Parallelization

Multiprocessing

Python's multiprocessing is a built-in module for concurrent computing.

In [1]:
import multiprocessing
import os
import time
import numpy

def task(args):
    return (os.getpid(), args)
In [2]:
task("test")
Out[2]:
(92371, 'test')
In [3]:
N_core = multiprocessing.cpu_count()
print("This system has {} cores".format(N_core))
pool = multiprocessing.Pool(processes=3)
This system has 8 cores
In [4]:
pool.map(task, [1, 2, 3, 4 ,5 , 6, 7, 8])
Out[4]:
[(92380, 1),
 (92381, 2),
 (92382, 3),
 (92380, 4),
 (92381, 5),
 (92382, 6),
 (92380, 7),
 (92381, 8)]

The multiprocessing module is very useful for highly parallel tasks that do not need to communicate with each other, other than when sending the initial data to the pool of processes and when collecting the results.

IPython parallelism

IPython includes a very interesting and versatile parallel computing environment, which is very easy to use. It builds on the concept of ipython engines and controllers, that one can connect to and submit tasks to. To get started using this framework for parallel computing, one first have to start up an IPython cluster of engines. The easiest way to do this is to use the ipcluster command,

$ ipcluster start -n 4

Or, alternatively, from the "Clusters" tab on the IPython notebook dashboard page. This will start 4 IPython engines on the current host, which is useful for multicore systems. It is also possible to setup IPython clusters that spans over many nodes in a computing cluster. For more information about possible use cases, see the official documentation Using IPython for parallel computing.

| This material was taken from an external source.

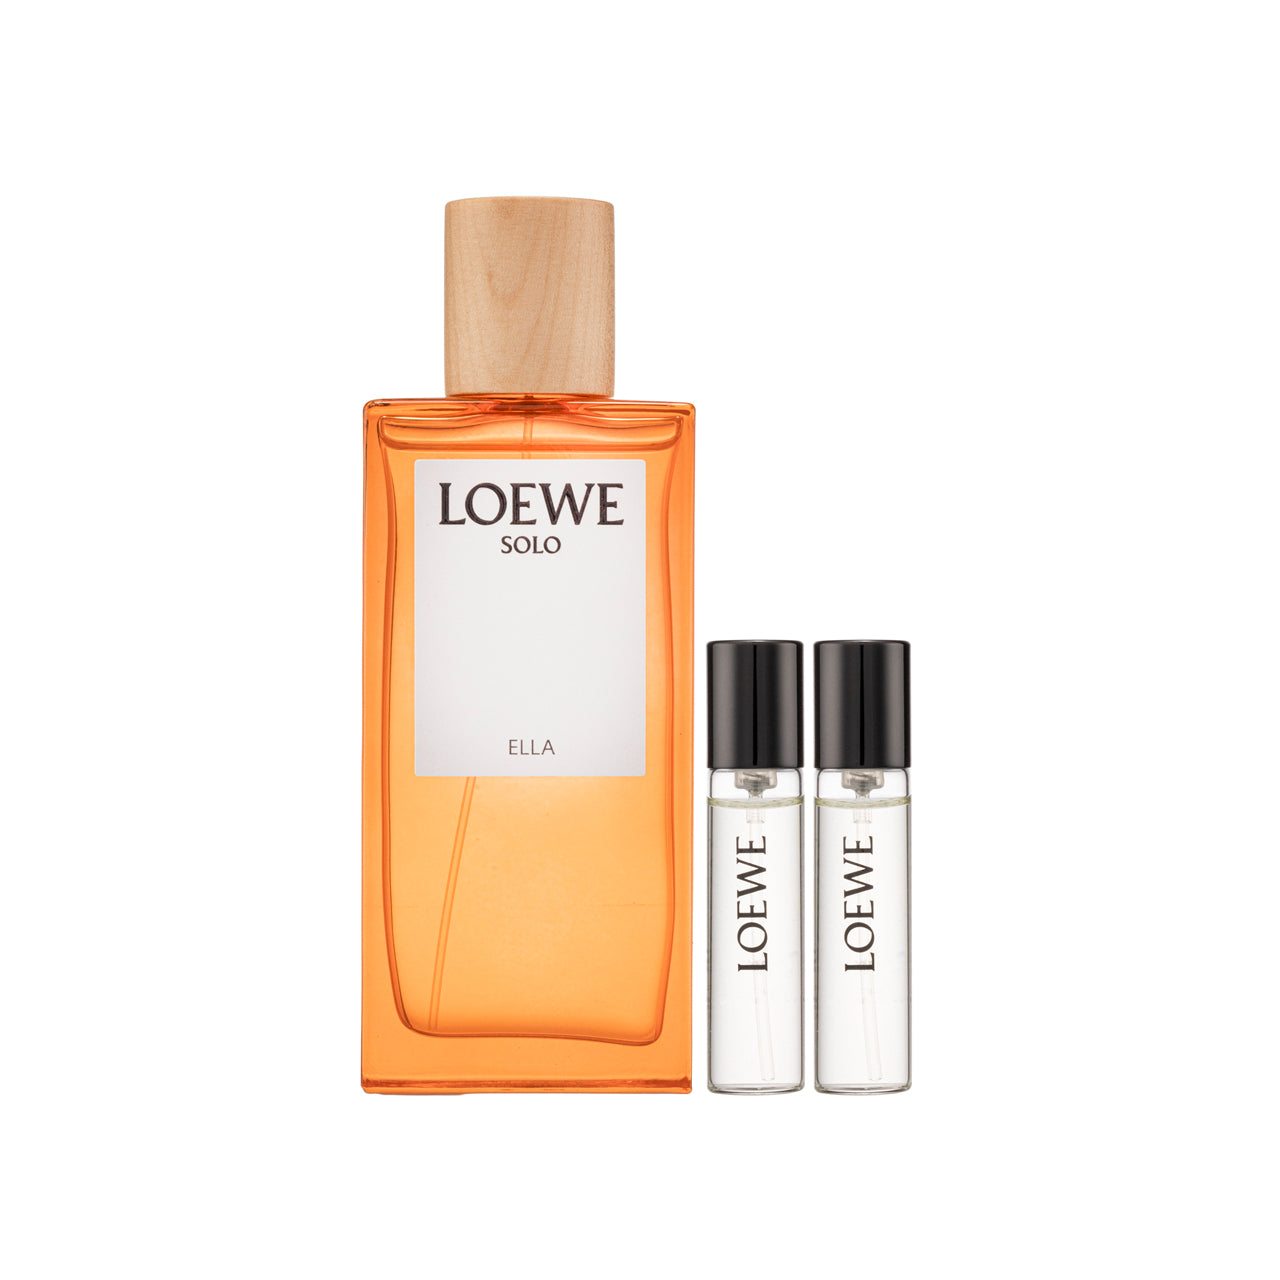 Loewe Solo Ella Eau de Parfum Gift Set 3pc

To use the IPython cluster in our Python programs or notebooks, we start by creating an instance of IPython.parallel.Client:

In [5]:
from IPython.parallel import Client
In [6]:
cli = Client() # if this fails, the cluster isn't started

Using the 'ids' attribute we can retreive a list of ids for the IPython engines in the cluster:

In [7]:
cli.ids
Out[7]:
[0, 1, 2, 3]

Each of these engines are ready to execute tasks. We can selectively run code on individual engines:

In [8]:
def getpid():
    """
    return the unique ID of the current process
    """
    import os
    return os.getpid()
In [9]:
# first try it on the notebook process
getpid()
Out[9]:
92371
In [10]:
# run it on one of the engines
cli[0].apply_sync(getpid)
Out[10]:
91086
In [11]:
# run it on ALL of the engines at the same time
cli[:].apply_sync(getpid)
Out[11]:
[91086, 91087, 91088, 91095]

We can use this cluster of IPython engines to execute tasks in parallel. The easiest way to dispatch a function to different engines is to define the function with the decorator:

@view.parallel(block=True)

Here, view is supposed to be the engine pool which we want to dispatch the function (task). Once our function is defined this way we can dispatch it to the engine using the map method in the resulting class (in Python, a decorator is a language construct which automatically wraps the function into another function or a class).

To see how all this works, lets look at an example:

In [12]:
dview = cli[:]
In [13]:
@dview.parallel(block=True)
def dummy_task(delay):
    """
    a dummy task that takes 'delay' seconds to finish
    """
    import os
    import time
    t0 = time.time()
    pid = os.getpid()
    time.sleep(delay)
    t1 = time.time()    
    return [pid, t0, t1]
In [14]:
# generate random delay times for dummy tasks
delay_times = numpy.random.rand(4)

Now, to map the function dummy_task to the random delay time data, we use the map method in dummy_task:

In [15]:
dummy_task.map(delay_times)
Out[15]:
[[91086, 1417481820.137354, 1417481820.703643],
 [91087, 1417481820.138661, 1417481820.506246],
 [91088, 1417481820.139798, 1417481820.450693],
 [91095, 1417481820.140885, 1417481821.022963]]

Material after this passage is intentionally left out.